Não existe salvação para texto confuso

Barbara Heliodora

   Diz o autor, Filipe Miguez, que, em “Notícias cariocas”, o que o “encanta é a perspectiva de mostrar o mundo em que Nelson (Rodrigues) viveu e criou, mas não me agrada a idéia de produzir um texto de acento rodriguiano”, insistindo em ter “liberdade editorial”. No entanto, o que está no palco do Teatro I do Centro Cultural Banco do Brasil, comemorando os 15 anos da Cia. dos Atores, começa com o que parece cópia de um misto de muito de “O beijo no asfalto”, com pitadas de “Vestido de noiva” e outras.
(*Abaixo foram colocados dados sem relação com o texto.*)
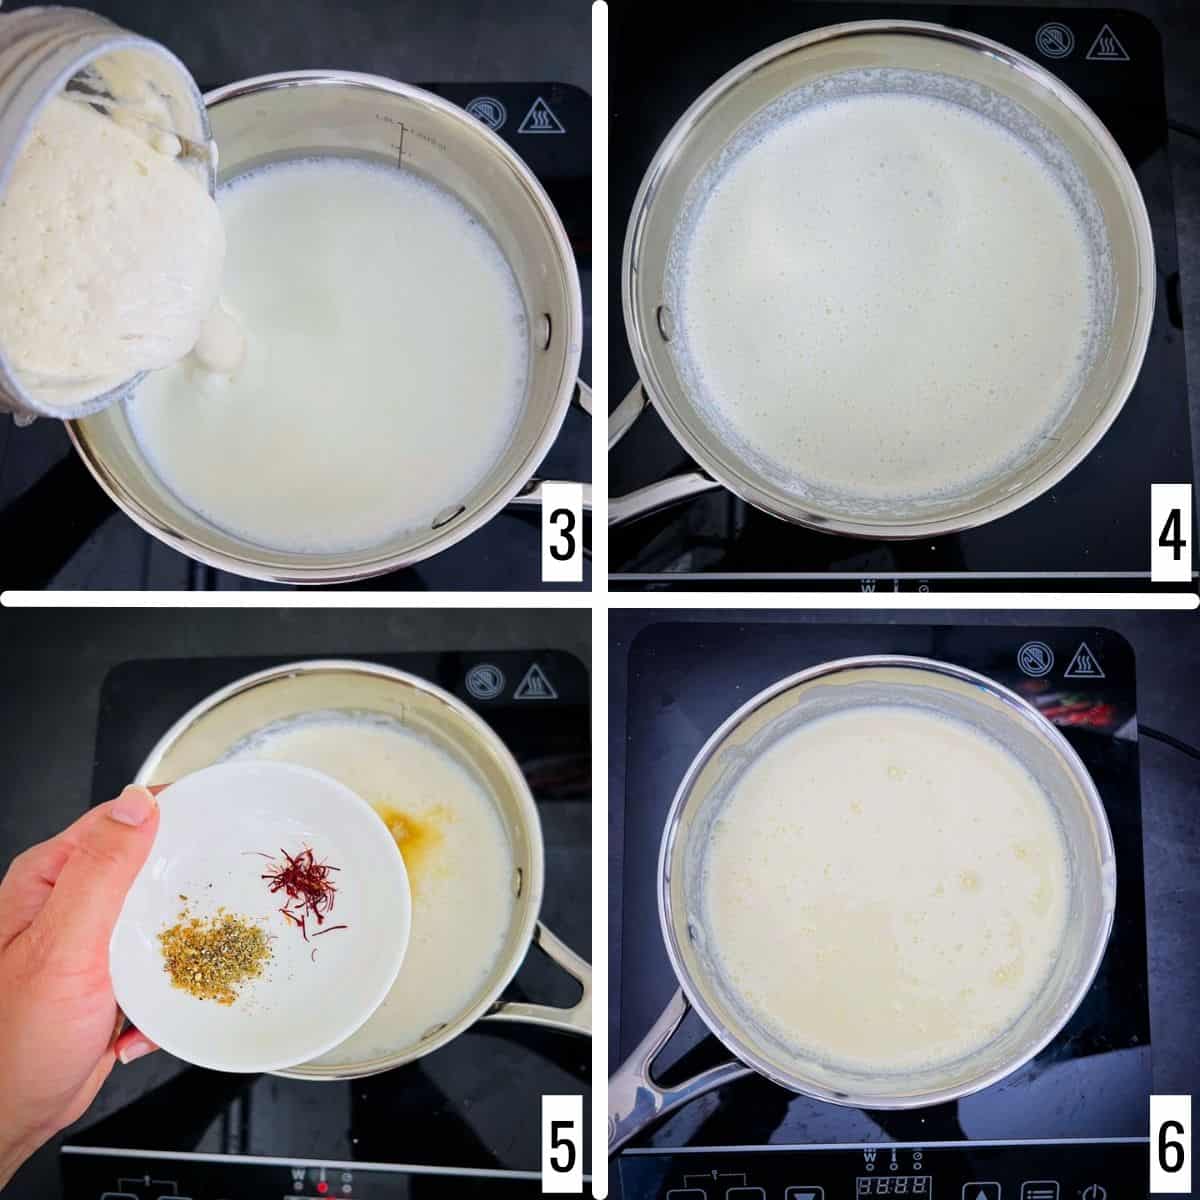 A 4-picture collage showing the preparation of this drink with spices and almonds.

O texto, composto de cenas curtas, em busca de um dinamismo rodriguiano, peca principalmente por não ter uma coluna dorsal definida: passada na década de 1950, a peça foi concebida para mostrar os porões morais da imprensa, mas falta coerência, pois a fabricação e a exploração de um escândalo a fim de fazer crescer a vendagem de um pequeno jornal, tema inicial, ficam perdidas a partir de certo ponto. A trama passa pela mudança de emprego de um jornalista e pela morte do editor do pequeno jornal sem que isso tenha conseqüências ou importância dramática, e principalmente por parecer estar mais interessada no alvo dos escândalos do que na exploração do mesmo. Na verdade, um percentual altíssimo do texto é usado para o suposto clima das redações àquele tempo, com pouca ação (diferenciada de agitação, que há muita). O resultado é uma repetição um tanto cansativa.

Direção de Enrique Diaz e Ivan Sugahara procura não deixar a peteca cair

   A cenografia de Gringo Cardia é atraente e funcional, e muito bem iluminada por Maneco Quinderé. Um espaço amplo e claro, em três planos, com painéis verticais, fixos e corrediços, serve de tela para os vídeos, também de Cardia, que evocam o Rio ou aspectos vários da vida de um jornal, com mesas, máquinas de escrever etc. Já os figurinos de Marcelo Olinto são de modo geral bons, mas tropeçam nos da moça rica, pois Olinto a faz usar, a todas as horas do dia, roupas mais adequadas a fim de tarde ou noite. Se a intenção fosse crítica, o que não parece, os vestidos deveriam ser de mau gosto, o que não são.

   A direção dupla de Enrique Diaz e Ivan Sugahara procura não deixar a peteca cair, recorrendo à rapidez e à agitação, que por vezes cortam a possibilidade de maior expressão. A verdade, porém, é que falta tensão ao próprio texto, e tudo resulta repetitivo e confuso.

   O elenco, que tem de viver personagens marcados pelo universo de Nelson Rodrigues, registra mais tipos do que indivíduos: César Augusto e Marcelo Valle emprestam um pouco mais de verdade ao Diretor e ao Redator-Chefe. Gustavo Gasparani apela mais para o entusiasmo; Marcelo Olinto está rígido e inexpressivo como o repórter político; e Felipe Rocha, discreto em suas pequena aparições. No naipe feminino quem se sai melhor é Drica Moraes, que faz o possível por uma personagem mal delineada. Bel Garcia é de um artificialismo irritante na rica filha do dono de um grande jornal; Susana Ribeiro é discreta na mulher do diretor do jornal pequeno; e Raquel Rocha erra demais nos exageros da atriz de revista.

   Não há dúvida de que foi feito um esforço considerável na realização, mas o texto-base é confuso, impossível de ser salvo por um elenco de alcance modesto, como provavelmente por qualquer outro.